When we were alone, with the omnipresent aurors still close at hand, Harry announced, "I was thinking that rather than patting Hermione on the back and serving her rich cocoa, as we did with Erin, that the way to help her recover from the extreme terror that she has just lived through is to give her a sense that she is more in control of her own safety. We can all be safer if we take advantage of the magical engineering skills and additional spells that the Light Guardian taught us. We just need to incorporate them into our instinctual responses. I've thought of a few things that would help Hermione, and the rest of us, as well. I don't want to spread the knowledge around, at least for now.

"I've been thinking about how Hermione could have protected herself when she was paralyzed and hooked up to the generator. Sorry, Hermione …" Harry was quick to add as that last statement caused an involuntary shudder. "Two things we can work on. First, I had a thought how we could all wear port keys, like the belts that Professor McGonagall gave us. But, instead of going off at a specific time, we could trigger them at any time of our choosing, using a silent, wandless spell. We've all gotten good at silent spells. The port keys could only take us to a specific spot, but we could choose a very safe spot, like the Sacred Chamber or the Burrow, or the top of the landing outside Gryffindor. This would not be that difficult to build and it would have saved Hermione.

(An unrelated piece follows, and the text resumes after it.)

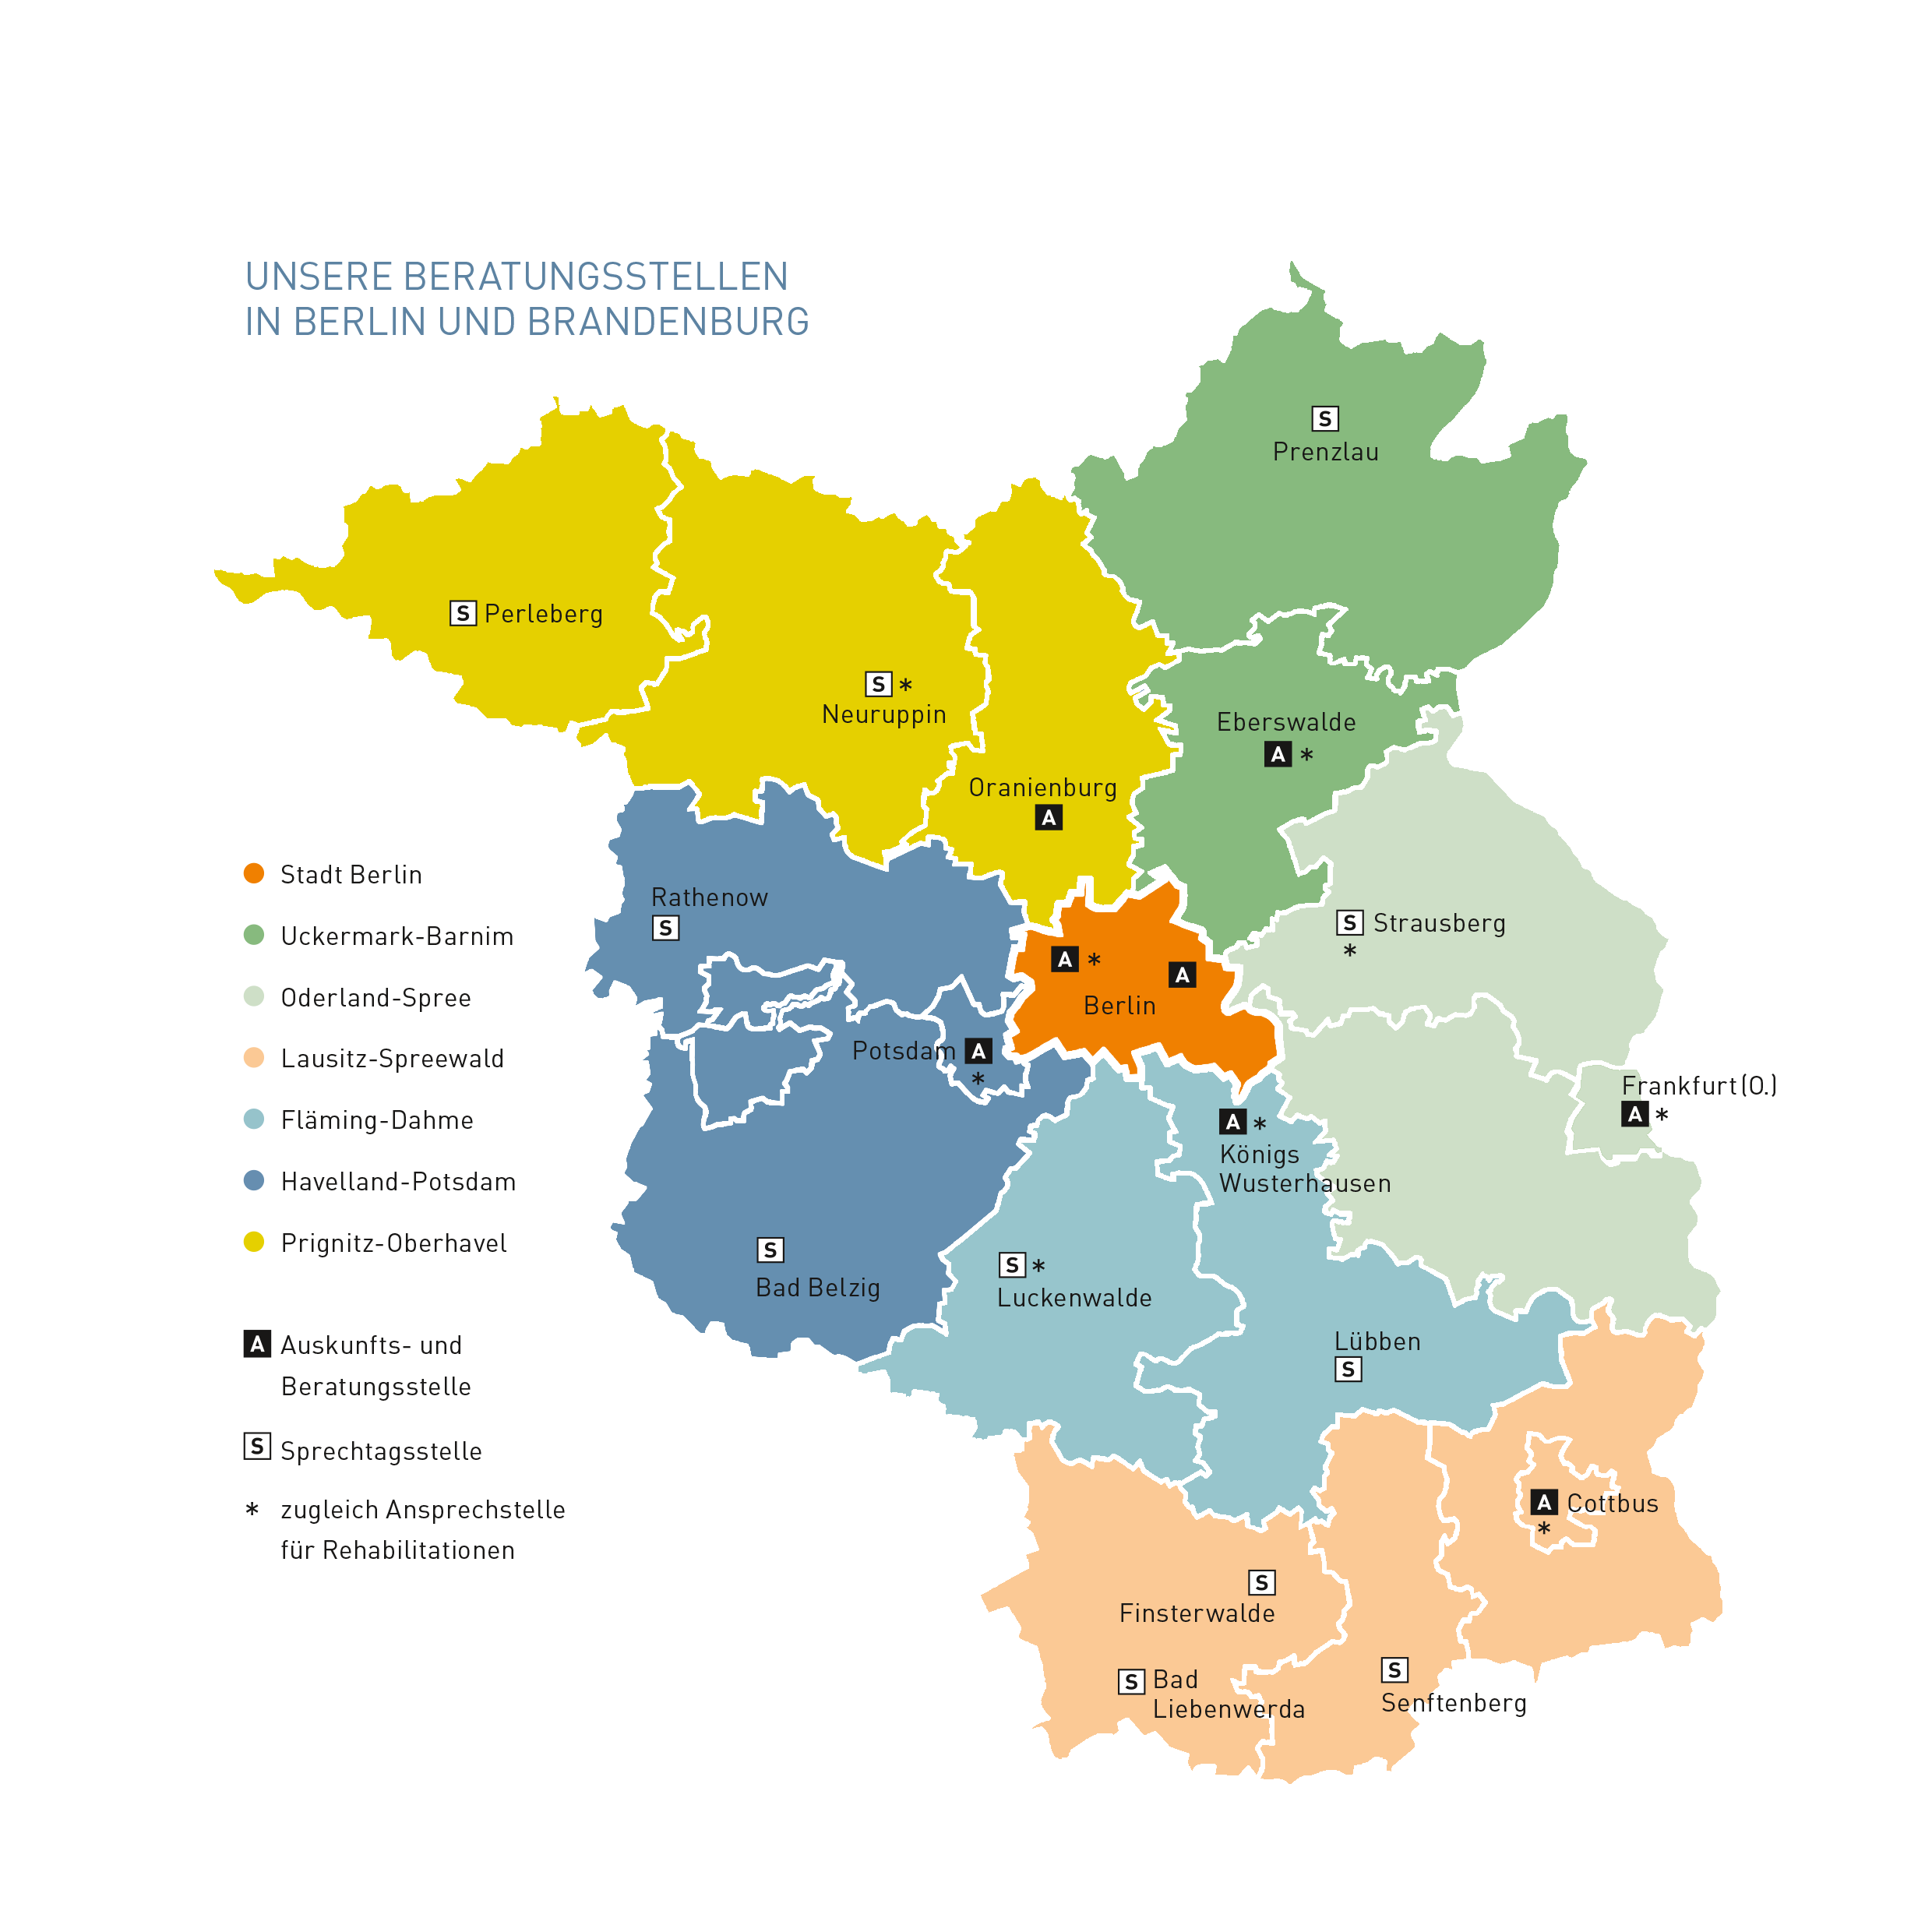 Karte der Auskunfts- und Beratungsstellen der Deutschen Rentenversicherung Berlin-Brandenburg

"The second thing I thought of was that while running through the new spells in my mind, I found a set of healing spells, including some to treat curses. I haven't figured out exactly what is needed yet, but we should be able to work out a silent wandless spell that can reverse a 'Petrificus Totalis' spell applied to us or anyone else. We have an awful lot of knowledge. We just need to take some time to explore and organise it and make it part of our everyday tools. There is also a 'shield' spell that can be used to protect one's own mind from curses. We should make this one an automatic response against personal attack. It appears to block just about any spell. Those three things are a place to start. I thought Ron and Hermione might research some others."

"I'll work on that," Hermione promised. "You're right, Harry, what I need most is a sense that I'm back in control again. If I feel Ron and I can protect ourselves, I think my fear will pass."

"Good," Harry replied. "While Ginny and I are supervising the repairs at Gringotts, we'll work on the port keys."

We made a lot of progress on the repairs that day and chose our destinations for the port keys. Harry came back from lunch at the Ministry with a dozen leather belts, with big silver buckles. Two small quartz crystals had been sewn onto the sides of each belt and Harry had also added a teaspoon of the crushed crystallites that Firenze had used to draw his Yantra. As soon as Harry showed me this, I commented, "So you also recognised that the granules that Seamus found in the Peverell wand was Yantra sand."

Harry revealed a surprised expression, saying "no, I must admit that I hadn't taken it quite that far yet. I chose the sand as an anchor to the top of the pyramid, which is one of the pre-set destinations. I think you're right about the wand - we'll have to tell Seamus. Also, McGonagall … in time."

"I told Seamus the other day and gave him a small quantity of sand to work with. He said he was going to begin experimentation immediately. He said he had already completed most of the parts for a very superior wand, and that with my sand he would soon have a close facsimile of the Peverell wand. He said that I had given him enough sand to make about fifty wands. We're promised free versions of the special new Ollivander wands, whenever we want them. I told him that Ron was likely to be first in line."

"You definitely are a step ahead of me," Harry told me.

"Well, I have to do something useful, while you're busy at the Ministry."